Очень жалею, что невозможность поездки лишила меня удовольствия увидеться с Н. А. Б<еер>, и прошу Вас передать ей мою благодарность за память обо мне и добрые строки, которые много доставили мне радости. Что же касается до любви Н<атальи> А<ндреевны> к прошедшему, то совершенно соглашаюсь (хотя это и невежливо с моей стороны) с мнением Ник<олая> А<лександровича>, что это чувство немецкое, а я теперь так не люблю всё немецкое, что желал бы, что<бы> все, кого я люблю и уважаю, были чужды его.

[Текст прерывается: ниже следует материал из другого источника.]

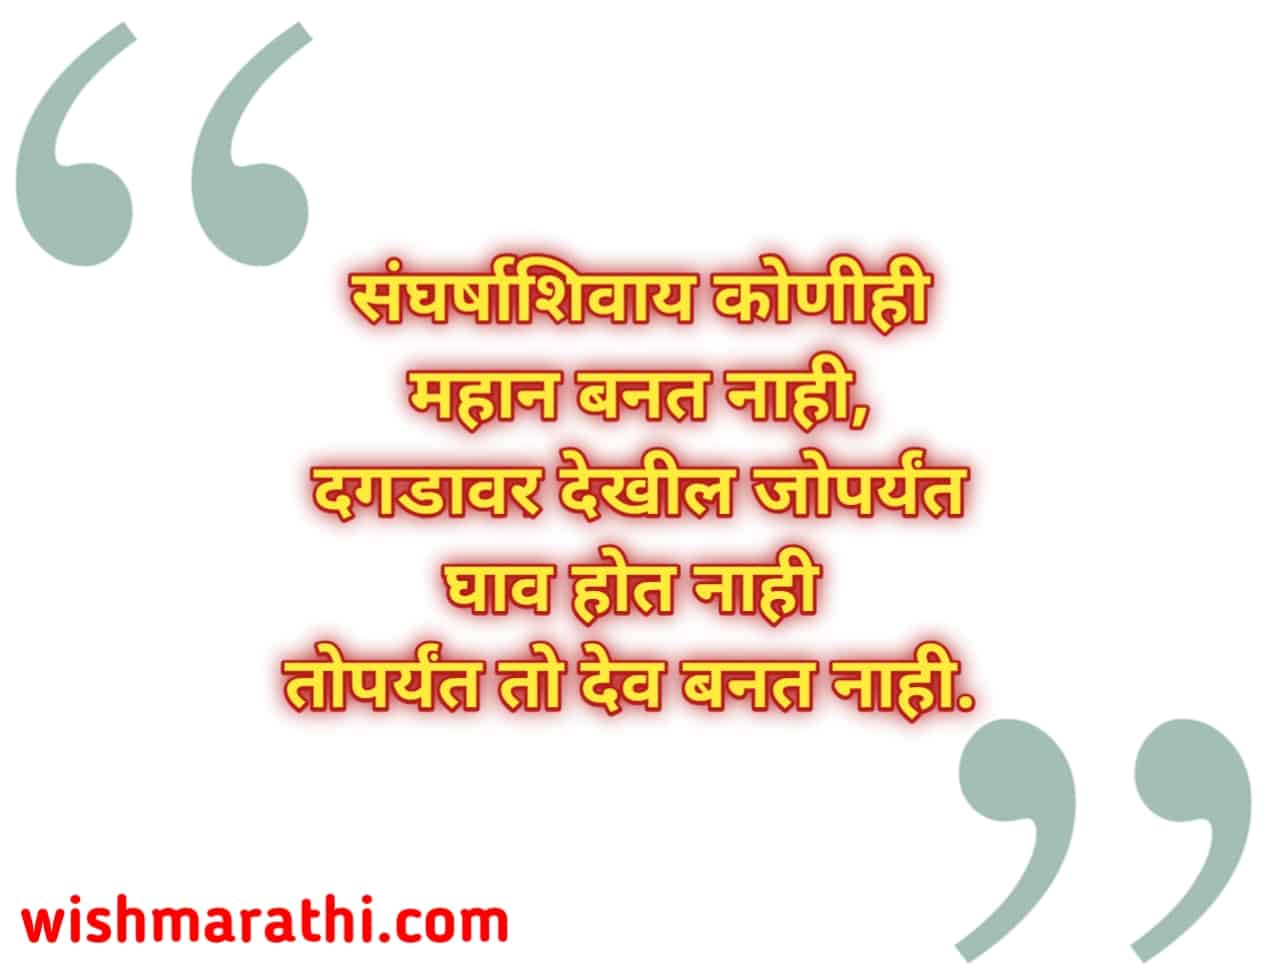 Life Quotes in Marathi

   В<арвара> А<лександровна>, Вы благодарите меня, что «я еще не совсем забыл Вас», и говорите, что это очень Вас обрадовало; а я так ни благодарен за Вашу благодарность, ни рад Вашей радости. За кого же Вы меня принимаете? Что бы я был, с позволения сказать, за скотина такая (извините за плебейское выражение – такова уж натура моя), чтобы мог забыть Вас! Я знаю, что я гораздо хуже, чем каким считают меня расположенные ко мне люди, но знаю (к чему лицемерить!), что во мне действительно есть и хорошие стороны, – и лучшая из них, без сомнения, состоит в том, что многое, на что толпа смотрит с бессмысленным равнодушием, было для меня откровением высокого значения жизни и благоговейная память о том навсегда присуществлялась душе моей. Поездка в нынешнем году имела для меня двойную против прежней цену именно потому, что я могу увидеться с Вами и с моим маленьким приятелем, Вашим маленьким вояжером,{517} который, конечно, не мог не изменить моей дружбе, но которого дружбу я сумел бы вновь приобрести.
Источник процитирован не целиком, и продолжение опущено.